Introduction

In 1969, McCully reported the vascular pathology of severe, inherited, homocysteinemia for the first time (McCully 1969). Since then, many studies on hyperhomocysteinemia have been conducted, and elevated plasma total homocysteine (tHyc) level has become an established risk factor for atherosclerotic vascular diseases in many persuasive systematic reviews (Boushey et al. 1995; Welch and Loscalzo 1998; Hankey and Eikelboom 1999). Investigations at a genetic level have also progressed and have revealed not only considerably rare mutations that cause severe inherited homocysteinemia but also common polymorphisms, which moderately elevate the homocysteine level. The latter has attracted particular attention in the field of public health because of its high allele frequency in the general population.

In the metabolic pathway of homocysteine, 5,10-methylenetetrahydrofolate reductase (MTHFR, EC 1.5.1.20) is one of the key enzymes, as well as methionine synthase and cystathionine beta synthase. In the genes of these enzymes, some single nucleotide polymorphisms (SNPs) have been identified, and many studies are elucidating the profiles of these polymorphisms. Among these SNPs, a common C to T substitution at position 677 of the MTHFR gene (MTHFR C677T polymorphism) results in an alanine to valine amino acid substitution in the protein and leads to a 30% decrease of enzyme activity in the heterozygote and a 60% decrease in the homozygote (Frosst et al. 1995). This homozygote (TT genotype) was known to cause mild hyperhomocysteinemia more frequently than the major allele homozygote. Furthermore, its allele frequency approaches 30% in many ethnic groups (Wilcken 2003). Thus, in the present study, we focused our attention upon this SNP as the target for tailor-made prevention of atherosclerosis.

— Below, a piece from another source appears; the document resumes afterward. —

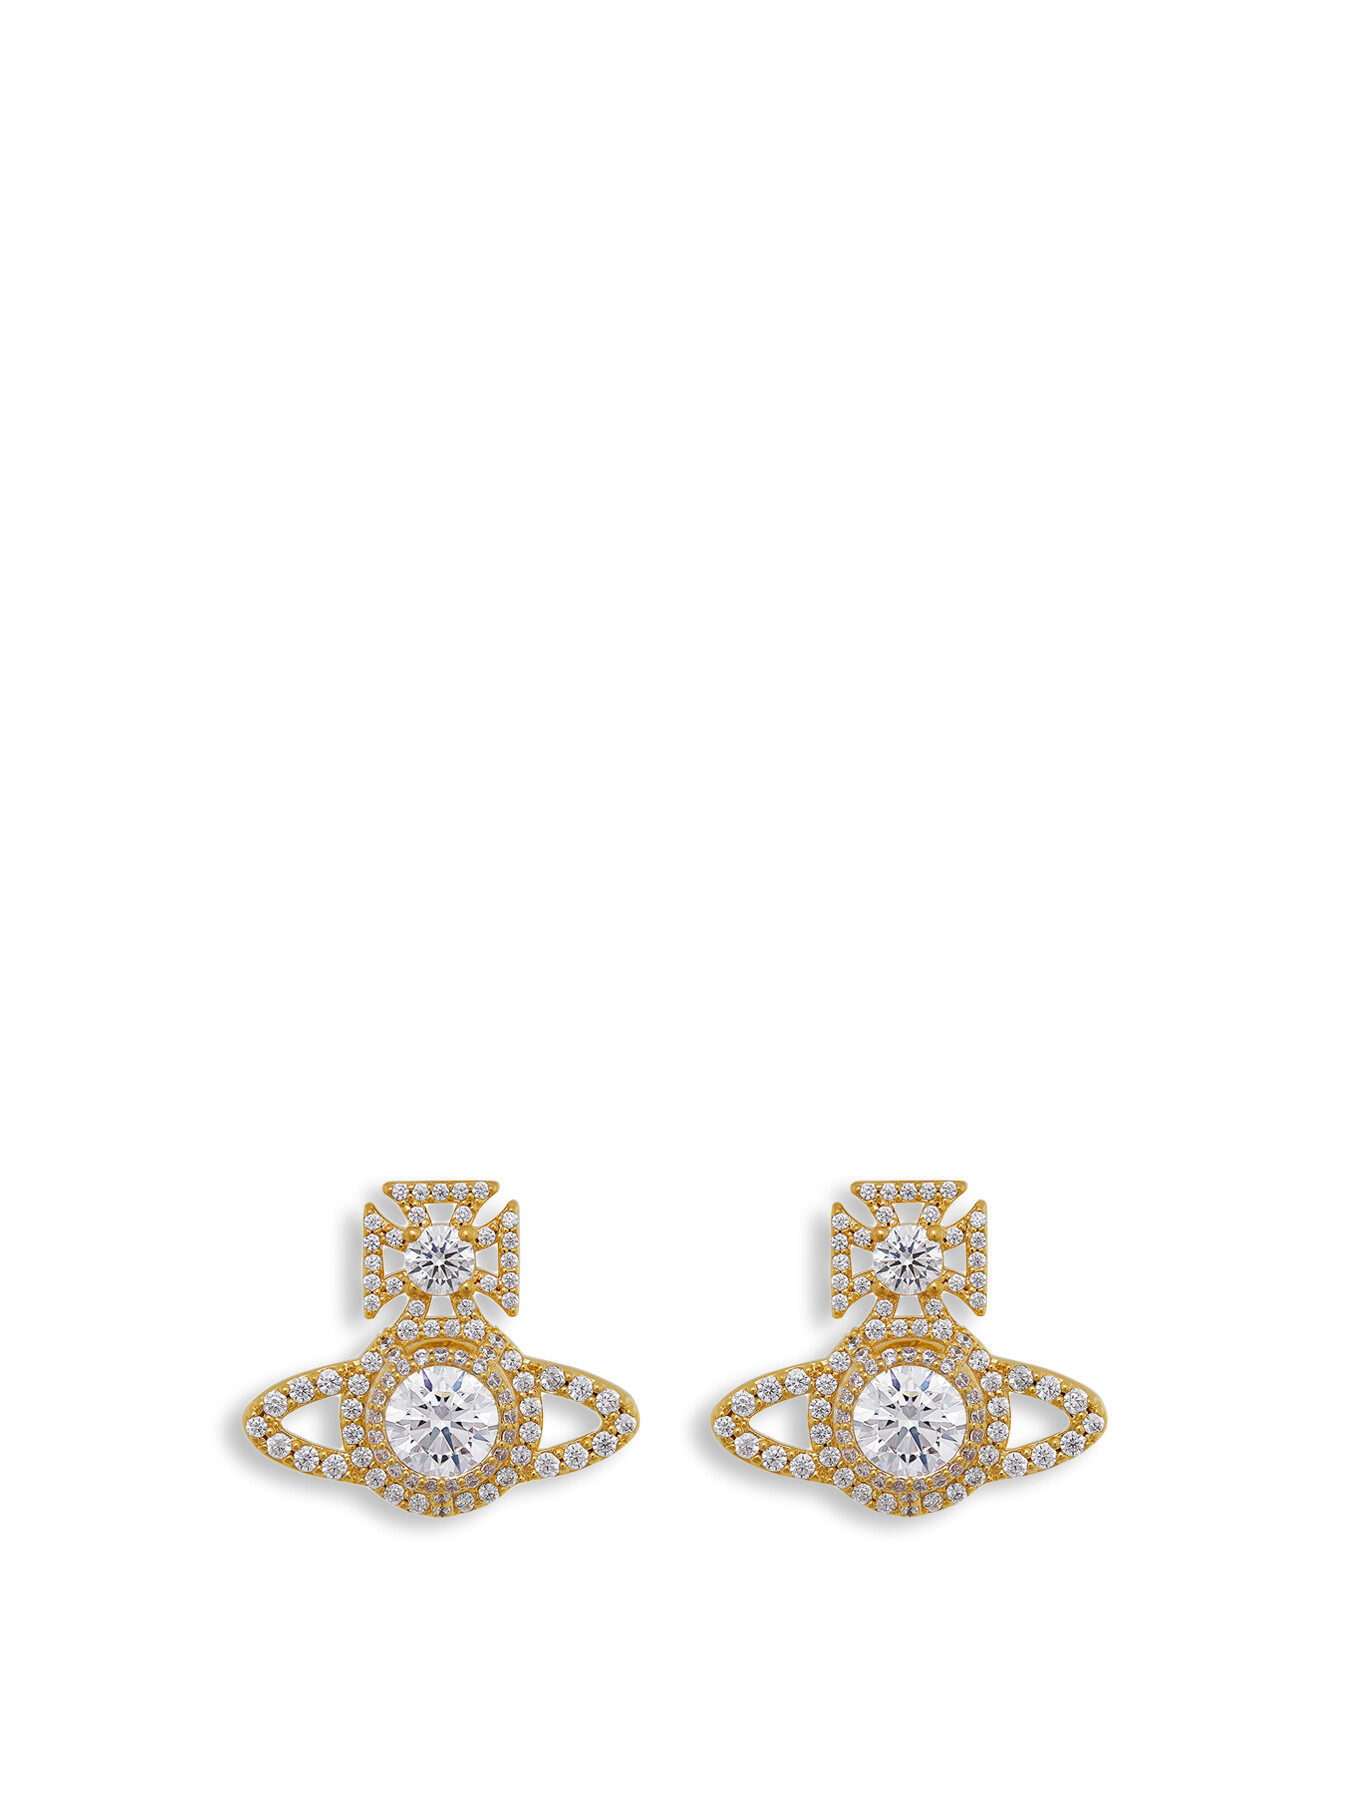 Vivienne Westwood Women's Norabelle Earrings Gold

There was uncertainty over whether the association between MTHFR C677T polymorphism and atherosclerotic diseases actually existed. In 1998, Brattstrom et al. reported a negative result in a meta-analysis of the relative risk of vascular disease associated with the TT genotype 1.12 (0.92–1.37) (Brattstrom et al. 1998). In 2002, however, this hypothesis came to be positively supported by two persuasive meta-analyses (Klerk et al. 2002; Wald et al. 2002) with more data included. [Klerk et al. reported CHD risk as 1.16 (1.05–1.28), and Wald et al. 1.21 (1.06–1.39).] Thus, it is inferred that the MTHFR C677T TT genotype is an independent risk factor for atherosclerosis via mild hyperhomocysteinemia. In addition, B vitamin supplementation such as folic acid has been shown to lower homocysteine levels (Homocysteine Lowering Trialists‘ Collaboration 1998; Vermeulen et al. 2000; Wald et al. 2001). The MTHFR C677T homozygote could therefore be a target of effective prevention by folic acid supplementation from the viewpoint of high-risk approach. However, quantitative data do not currently exist regarding the degree of response to folic acid in each genotype. This study thus aimed at assessing the effect of folic acid supplementation quantitatively in each MTHFR C677T genotype and considered the efficiency of tailor-made prevention of atherosclerosis in genotype-stratified, randomized, double-blind, placebo-controlled trials prepared in concordance with the CONSORT statement (Moher et al. 2001).

Materials and methods

Study subjects

Since we intended to examine the effect of folic acid supplementation as the primary prevention against atherosclerosis, we needed to recruit healthy people. Considering the higher incidence and mortality of atherosclerotic diseases in men than women, we focused on healthy men only. After the approval of the ethical committee of Keio University School of Medicine, we obtained the written informed consent from 210 healthy men for participation in the study. They were considered genetically unrelated according to the information by the company. Subjects in this trial finally consisted of 203 healthy men after exclusion of those who were taking folic acid or drugs known to effect folic acid metabolism. Mean age and body mass index (BMI) were 45.8±11.5 years and 23.7±3.66 kg/m2 (mean ± SD), which are typical values in Japanese healthy male workers. The follow-up period was from December 2003 to March 2004. The flow diagram of the progress throughout the phases of randomized trials is shown in Fig. 1.

Fig. 1
figure 1

Process during phases of the randomized trials

Study design

The study was designed around genotype-stratified, randomized, double-blind, placebo-controlled trials (nested RCTs). Intervention consisted of folic acid 1 mg/day per o.s. or an identical-looking placebo for 3 months since tHcy reduction is known to be maximal at a folic acid dosage of 1 mg/day (a minimum of 0.8 mg/day has been reported as necessary to achieve the maximum reduction in the tHcy level) (Vermeulen et al. 2000). The primary endpoint was the change in the plasma tHcy level, and the secondary endpoint was changes in the pulse wave velocity (PWV), ankle-brachial pressure index (ABI), and high-sensitive C-reactive protein (hsCRP) levels. All the measurements were done at baseline, 1, and 3 months after the start of intervention. As for deciding when intervention should be stopped in any subject, we made arrangements for monitoring and judging unexpected adverse events, including vitamin-B12-deficiency anemia, the masking of which is the only known side effect of folic acid supplementation. We decided that if any important adverse events judged by doctors in our group were observed, we would stop the trial quickly, and vitamin B12 levels were continuously monitored in all subjects to prevent vitamin-B12-deficiency anemia.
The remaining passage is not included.